If Lambie has given life and dignity back to the architecture of the Royal Exchange, Calum Stirling has been less successful with the great barn of the Mitchell Library. The ponderous, ornate rhetoric of the building seems even more remote from contemporary sensibility than the Royal Exchange. Stirling has built a platform and a canopy. Both are set at an angle to the axis of the room, as though they would rather disregard it. The canopy covers a projection screen to shade it from the light from the roof, but it also looks as though it was huddled in defence against the architecture. All this construction is to present an extraordinary random collage of images. On the platform stand turntables loaded with a collection of miniature models and other similar items. As the turntables rotate very slowly, these small items are scanned by cameras. The resulting images are projected to intercut randomly on screen, the small models appearing to be on the scale of reality. It is all very ingenious, but the effort that has gone into making it doesn’t seem commensurate with the result.
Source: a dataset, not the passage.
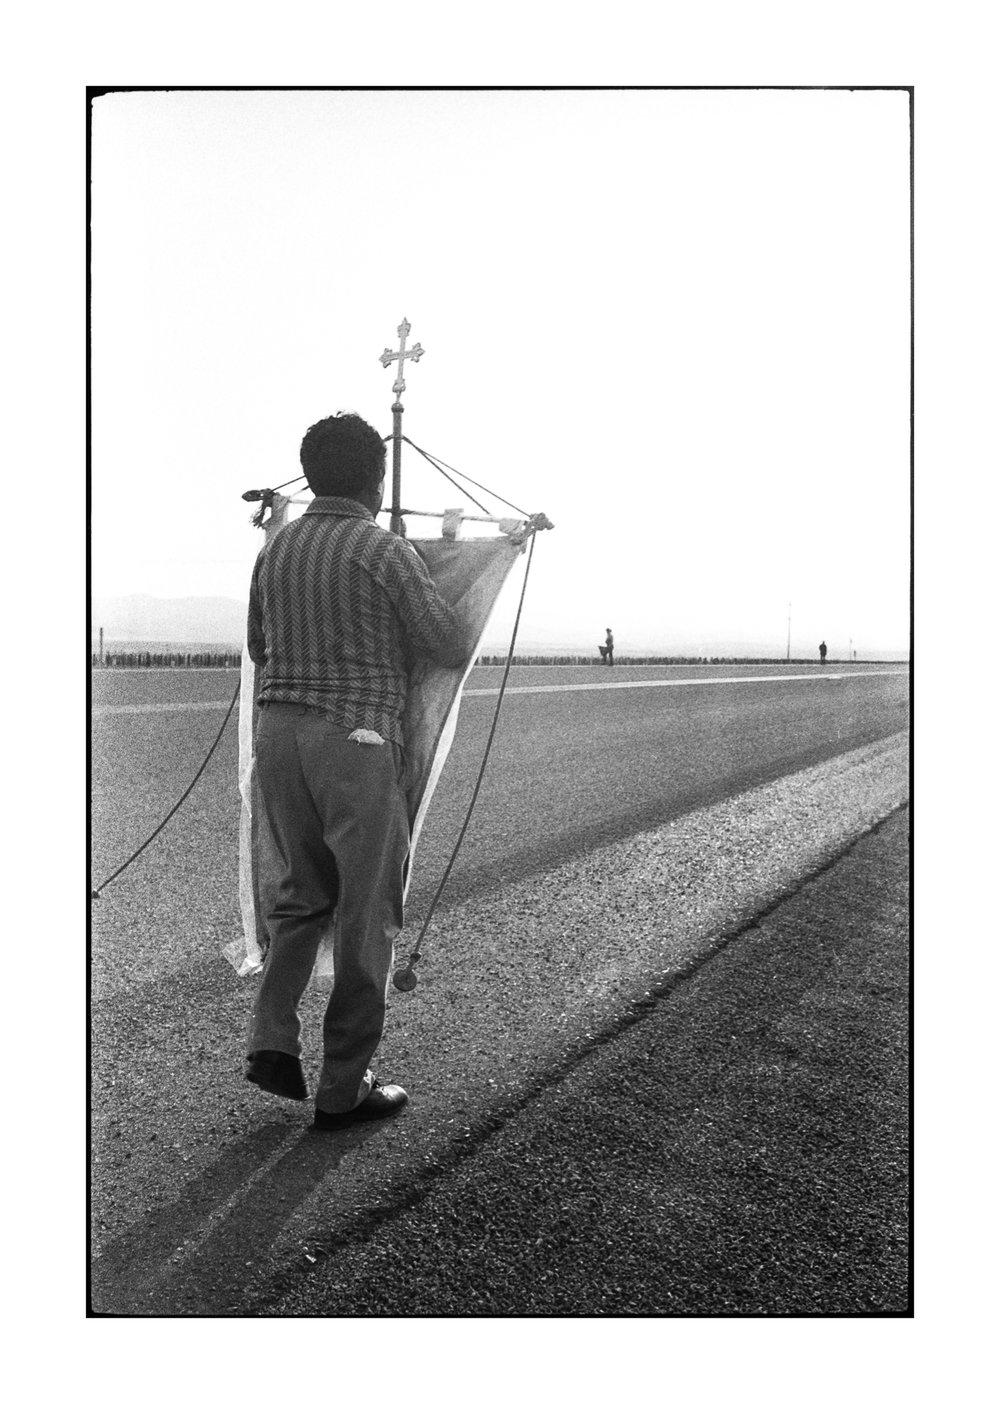 farmworkers-1-71.jpg
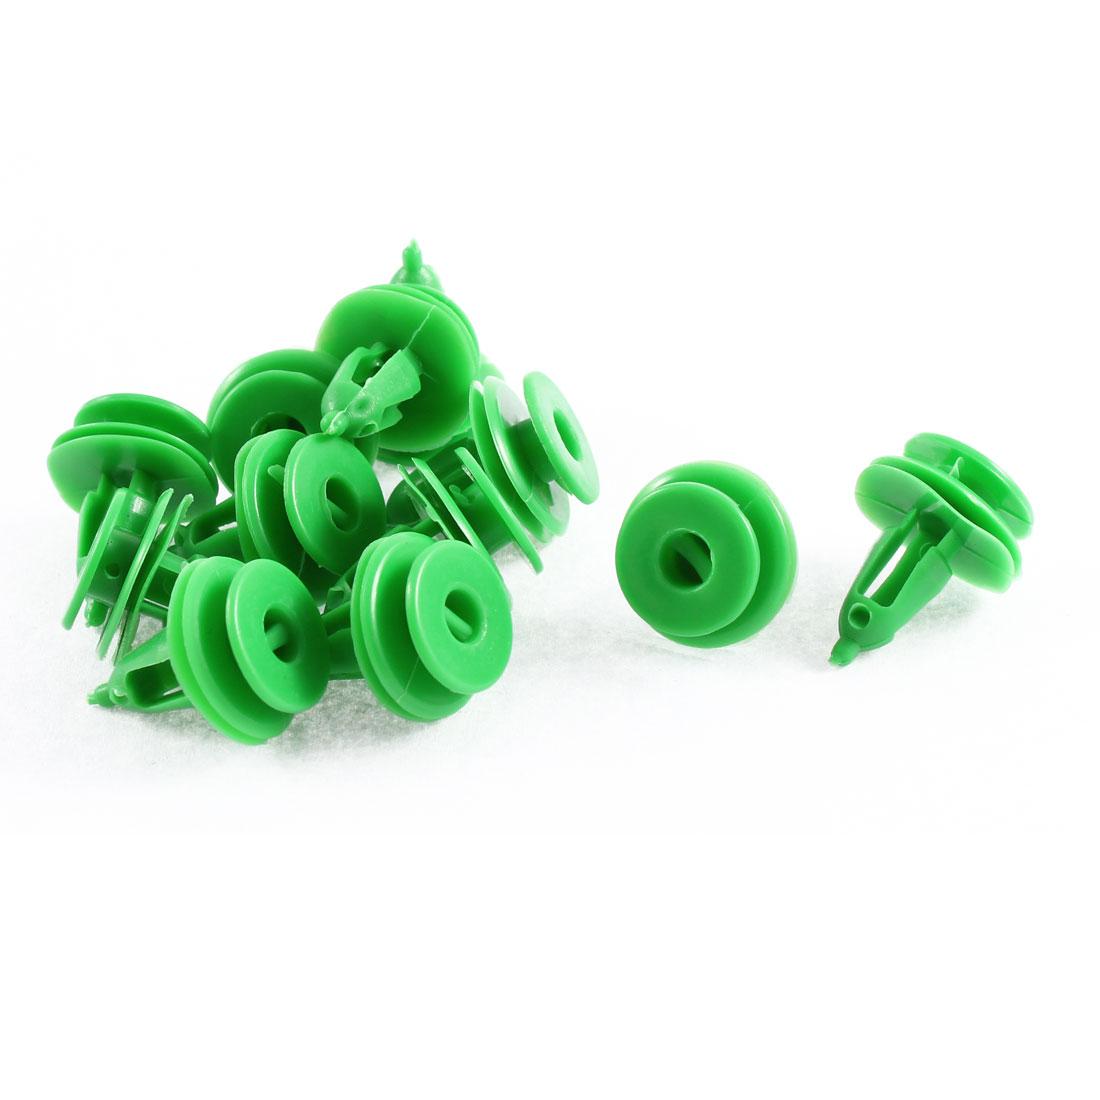 12Pcs Green Push-Type Trim Moulding Plastic Retainer 7 x 17 x 16mm

Artists’ films always are a dodgy venture. Film is such a sophisticated art form that most artists who tackle it end up looking like the amateurs they are. One artist’s film that might have been an exception, but sadly was never made, is celebrated in Sorcha Dallas’s gallery. This was a project that back in 1972 was to have been a collaboration between Alasdair Gray and Liz Lochhead. It would have been fascinating. Gray is best known now as a novelist and story teller. Lanark, his first great success includes a wonderful surreal account of harum-scarum student life at Glasgow School of Art 50 years ago.
Gray always decorated his books and has never really stopped being a painter despite his success with his crossover to writing. This never-realised film would have been a different crossover and a highly original one. The idea was to intercut the narrative of a doomed romance between sequences of film with live actors and paintings by Gray of the characters and situations set as contemplative moments in film. Eight of those paintings survive – one of them was rescued from the bin-men very recently - but now they have been brought together again. Gray is a fine draughtsman and these are beautiful pictures. The Distance Between Lovers shows the two lovers embracing. In Snakes and Ladders, the girl, alone with her cat, contemplates the ups and down of life and love in the symbol of a savage-looking snakes and ladders board. Credit Panel includes a self-portrait and a portrait of Liz Lochead. It is testimony to a collaboration that never was, but which would have been fascinating and original.